Short on time? Watch our Blink spell pros and cons web story.

Blink spell overview

Name Blink
Level 3rd
School of magic Transmutation
Range Self
Target Self
Components V S
Casting time 1 action
Duration 1 minute
Concentration No
Classes Wizard, Sorcerer

Rules as written: Roll a d20 at the end of each of your turns for the duration of the spell. On a roll of 11 or higher, you vanish from your current plane of existence and appear in the Ethereal Plane (the spell fails and the casting is wasted if you were already on that plane). At the start of your next turn, and when the spell ends if you are on the Ethereal Plane, you return to an unoccupied space of your choice that you can see within 10 feet of the space you vanished from. If no unoccupied space is available within that range, you appear in the nearest unoccupied space (chosen at random if more than one space is equally near). You can dismiss this spell as an action.
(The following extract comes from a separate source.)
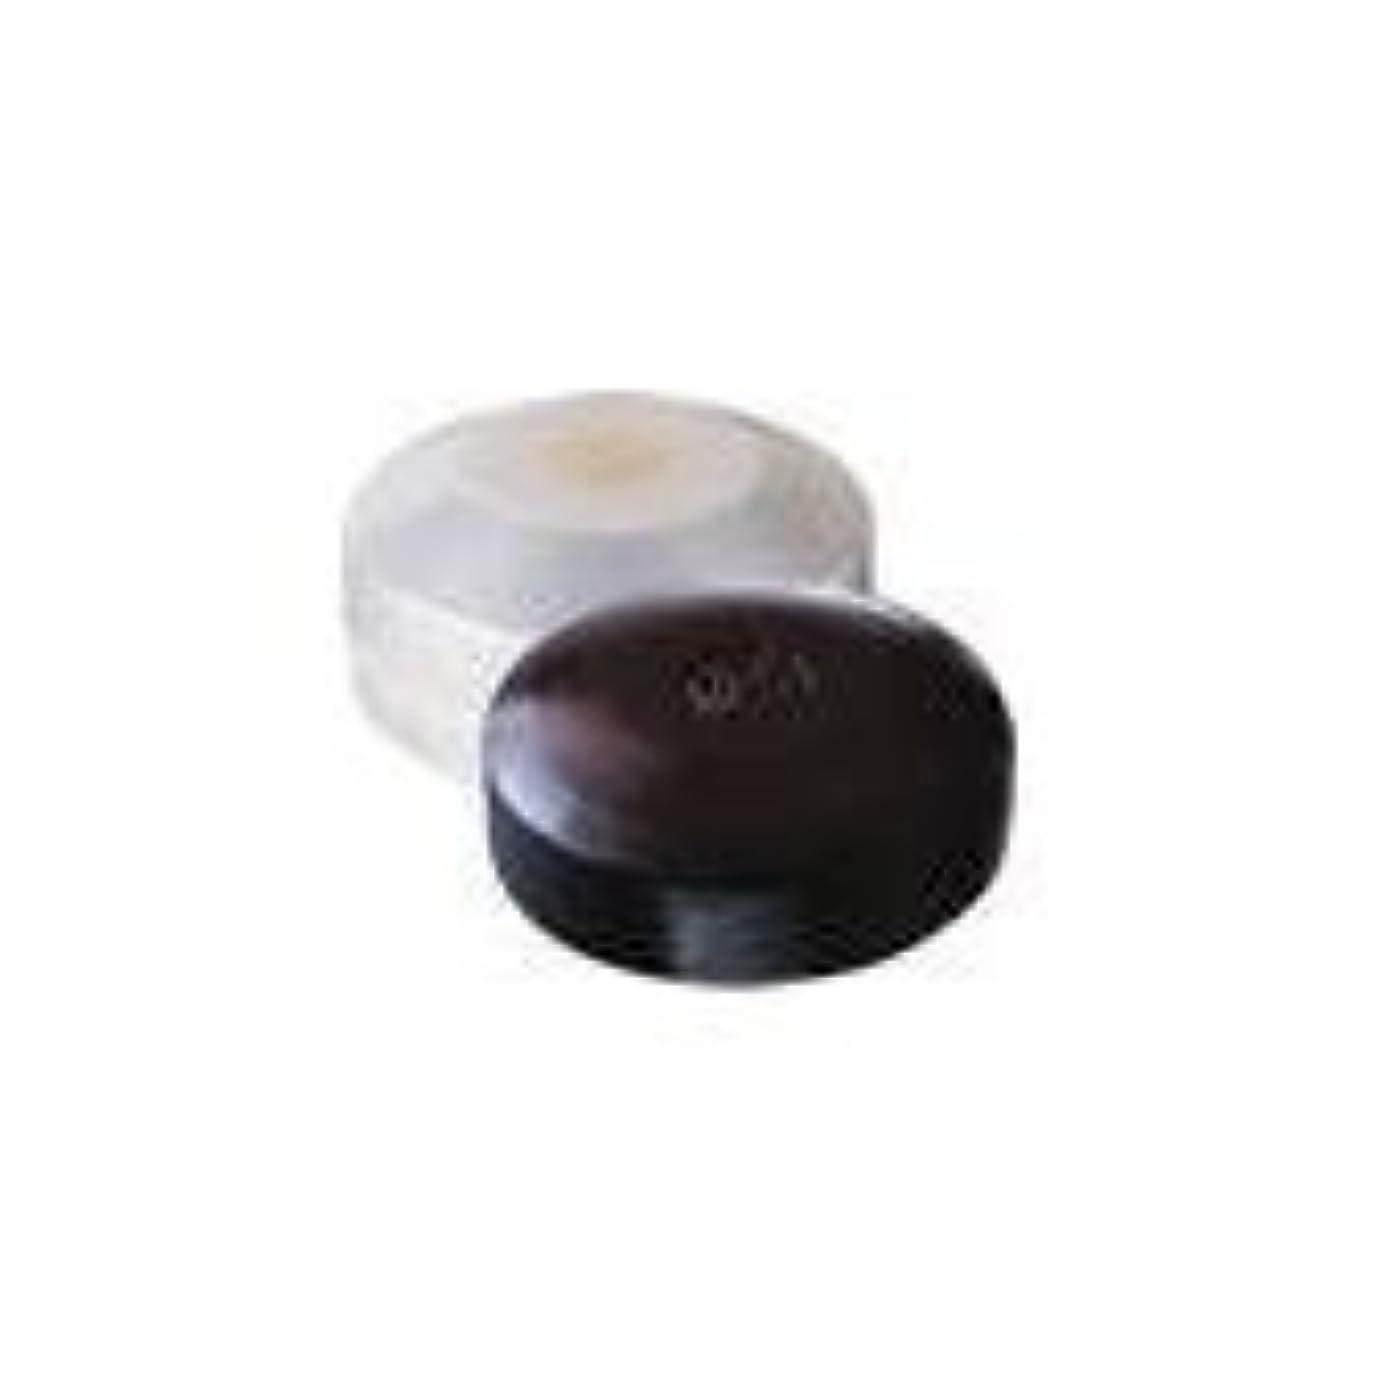 レール有効な論理的にマミヤン アロエ エクセルソープ 120g(ケース付き)<石鹸>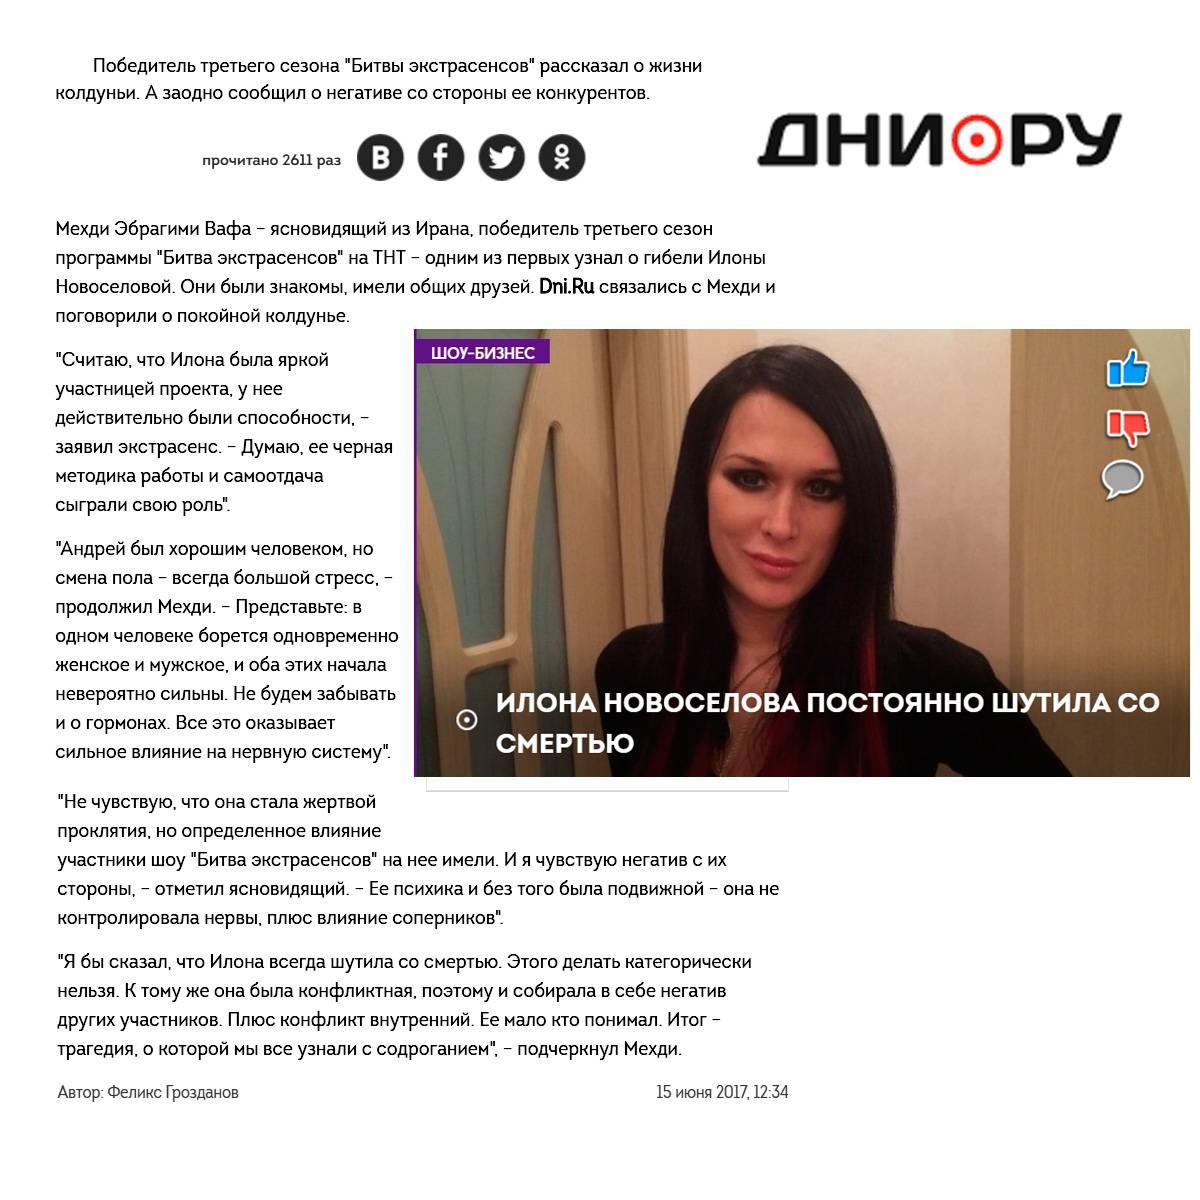 Илона новоселова - биография, информация, личная жизнь, фото, видео

While on the Ethereal Plane, you can see and hear the plane you originated from, which is cast in shades of gray, and you can’t see anything there more than 60 feet away. You can only affect and be affected by other creatures on the Ethereal Plane. Creatures that aren’t there can’t perceive you or interact with you, unless they have the ability to do so.

What does the Blink spell do in 5e?

The Blink spell, at its core, allows the caster a chance to phase between the Material Plane and the Ethereal Plane in quick succession at the start and end of their turn respectively, making it seem like they are “blinking” in and out of reality.

Blinking to the Ethereal Plane

For Material Plane lubbers that have not made the trip before, the Ethereal Plane is part of the DnD multiverse; a misty, fog-bound dimension that exists alongside the Material Plane, often described as a place of ghosts and spirits. When using the Blink spell, the caster doesn’t fully travel to the Ethereal Plane in the traditional sense. Instead, they exist on the border, in a transitional space between the two planes, which makes them invisible and intangible to those in the Material Plane (where presumably, combat and disemboweling are taking place that you’re trying to avoid).

An attack from all sidesAs a caster, it’s normally advisable to be out of the way of the disemboweling

Duration and consistency

The Blink spell lasts for one minute, and its effects aren’t consistent. At the end of each of the caster’s turns, there’s a 50% chance they’ll disappear from the Material Plane and reappear in the Ethereal Plane until the start of their next turn. This unpredictability is both a boon and a challenge, offering protection but also introducing an element of randomness to the caster’s positioning.

It’s important to note that the spell specifically takes you to the Ethereal Plane at the end of your turn and takes you back at the start of the next turn, meaning you cannot perform actions on the Ethereal Plane.

In essence, the Blink spell offers a tantalising blend of protection and unpredictability, challenging players to adapt on the fly and use its mechanics to their advantage. Whether you’re using it to avoid a deadly blow or position yourself strategically, Blink is a tool of immense potential in the hands of a creative spellcaster.

How does the Blink spell work?

The Blink spell is self-targeted, meaning it only affects the caster, it requires verbal and somatic components and lasts 1 minute. Given the length of a combat round (6 seconds), this means it could potentially activate up to 10 times during its duration.


Upon casting: the spell immediately takes effect, but the caster doesn’t automatically blink out. The phasing in and out begins at the end of the caster’s turn.

End-of-turn phase: At the end of the caster’s turn, they roll a d20. On a roll of 11 or higher, they vanish from the Material Plane and appear in the Ethereal Plane.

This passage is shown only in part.